Assignment
All entries, exactly as written, should be output again.

Excerpted data
◆ ◆ ◆ ◆ ◆

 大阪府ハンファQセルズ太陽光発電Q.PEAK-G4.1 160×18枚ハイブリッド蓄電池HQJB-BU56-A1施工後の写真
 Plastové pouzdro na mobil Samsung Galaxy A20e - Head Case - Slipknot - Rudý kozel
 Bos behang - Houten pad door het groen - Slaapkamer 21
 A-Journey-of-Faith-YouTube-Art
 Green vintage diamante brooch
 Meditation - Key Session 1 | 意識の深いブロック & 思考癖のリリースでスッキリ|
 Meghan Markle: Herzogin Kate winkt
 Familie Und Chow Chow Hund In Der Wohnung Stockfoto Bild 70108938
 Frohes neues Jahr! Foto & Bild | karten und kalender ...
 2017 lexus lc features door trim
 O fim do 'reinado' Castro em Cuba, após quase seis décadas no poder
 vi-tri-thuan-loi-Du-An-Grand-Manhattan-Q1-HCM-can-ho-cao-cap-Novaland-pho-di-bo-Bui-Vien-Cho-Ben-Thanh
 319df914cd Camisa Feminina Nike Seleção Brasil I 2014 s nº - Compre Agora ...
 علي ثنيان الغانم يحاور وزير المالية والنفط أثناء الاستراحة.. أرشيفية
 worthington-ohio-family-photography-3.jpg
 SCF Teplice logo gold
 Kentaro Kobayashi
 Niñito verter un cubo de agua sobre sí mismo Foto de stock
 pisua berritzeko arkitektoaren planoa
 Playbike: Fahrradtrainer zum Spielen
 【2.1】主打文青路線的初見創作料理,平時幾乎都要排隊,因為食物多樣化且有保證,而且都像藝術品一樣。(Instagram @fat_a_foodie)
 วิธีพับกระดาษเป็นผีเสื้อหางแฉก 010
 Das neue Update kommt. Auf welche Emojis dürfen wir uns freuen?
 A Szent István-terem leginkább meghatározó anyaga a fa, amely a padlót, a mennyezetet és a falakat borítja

◆ ◆ ◆ ◆ ◆

Solution to this task
 大阪府ハンファQセルズ太陽光発電Q.PEAK-G4.1 160×18枚ハイブリッド蓄電池HQJB-BU56-A1施工後の写真
 Plastové pouzdro na mobil Samsung Galaxy A20e - Head Case - Slipknot - Rudý kozel
 Bos behang - Houten pad door het groen - Slaapkamer 21
 A-Journey-of-Faith-YouTube-Art
 Green vintage diamante brooch
 Meditation - Key Session 1 | 意識の深いブロック & 思考癖のリリースでスッキリ|
 Meghan Markle: Herzogin Kate winkt
 Familie Und Chow Chow Hund In Der Wohnung Stockfoto Bild 70108938
 Frohes neues Jahr! Foto & Bild | karten und kalender ...
 2017 lexus lc features door trim
 O fim do 'reinado' Castro em Cuba, após quase seis décadas no poder
 vi-tri-thuan-loi-Du-An-Grand-Manhattan-Q1-HCM-can-ho-cao-cap-Novaland-pho-di-bo-Bui-Vien-Cho-Ben-Thanh
 319df914cd Camisa Feminina Nike Seleção Brasil I 2014 s nº - Compre Agora ...
 علي ثنيان الغانم يحاور وزير المالية والنفط أثناء الاستراحة.. أرشيفية
 worthington-ohio-family-photography-3.jpg
 SCF Teplice logo gold
 Kentaro Kobayashi
 Niñito verter un cubo de agua sobre sí mismo Foto de stock
 pisua berritzeko arkitektoaren planoa
 Playbike: Fahrradtrainer zum Spielen
 【2.1】主打文青路線的初見創作料理,平時幾乎都要排隊,因為食物多樣化且有保證,而且都像藝術品一樣。(Instagram @fat_a_foodie)
 วิธีพับกระดาษเป็นผีเสื้อหางแฉก 010
 Das neue Update kommt. Auf welche Emojis dürfen wir uns freuen?
 A Szent István-terem leginkább meghatározó anyaga a fa, amely a padlót, a mennyezetet és a falakat borítja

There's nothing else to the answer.